My laptop is highly-specified, with a beautiful sharp screen, and I use it as my primary work machine. Anyone who has been around me when I’ve travelled with it will know how much I worry and take precautions for protecting it.
Recently, my ‘unthinkable’ happened – the laptop was stolen.
I’d taken it over to New Zealand for a ‘working holiday’. My Dad lives there now, so I have the luxury of being able to take, say, a month’s break over there. We’d left for a long weekend of camping (or ‘tramping’ as it’s known by Kiwis) along the Abel Tasman coastal route. We returned to our pick-up point a little weary, covered in insect bites, but very content. We were told that the house had been broken into. My heart crashed- my brain raced to remember what was on the laptop that I might have lost.

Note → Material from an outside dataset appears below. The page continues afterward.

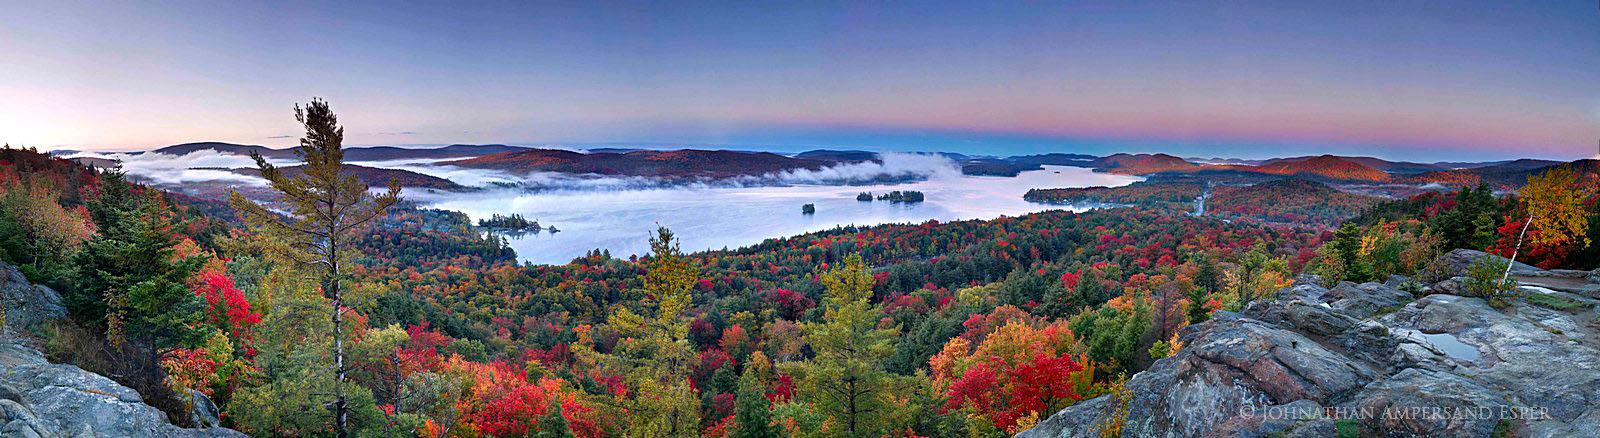 Fourth Lake,Inlet,Inlet NY,autumn,Rocky Mt,Fourth Lake Rocky Mt,sunrise,fog,Adirondack Park,lakes,Adirondack,panorama,pu, photo

I keep a backup of my code and graphic work at home in the UK, so I knew that was recoverable, though I had a biting feeling that I’d not set up a backup routine for my emails (which I use intensively for reference) or program setup files. I also suspected I’d lost quite a bit of personal stuff, though I couldn’t quite remember what.
We made lists of what had disappeared and bought a cheap-ish home computer for our general use (in total, four laptops had gone).
The Wellington and surrounds crime investigation units were brilliant. Over the next couple of days they’d searched a couple of properties and made some seizures, some of which was definitely our gear. This was released to us about a week later.
A lot of stuff is still missing, but – astonishingly – my laptop (and that of my step-mother) were recovered. Hers was still in full working order. Mine would only boot into a Dell password-protected screen, so I suspected they’d attempted to wipe it. [See: The Dell 'White Screen of Death'].
An experience like this pulls reality into focus- was I prepared for losing my computer? The answer was ‘no’.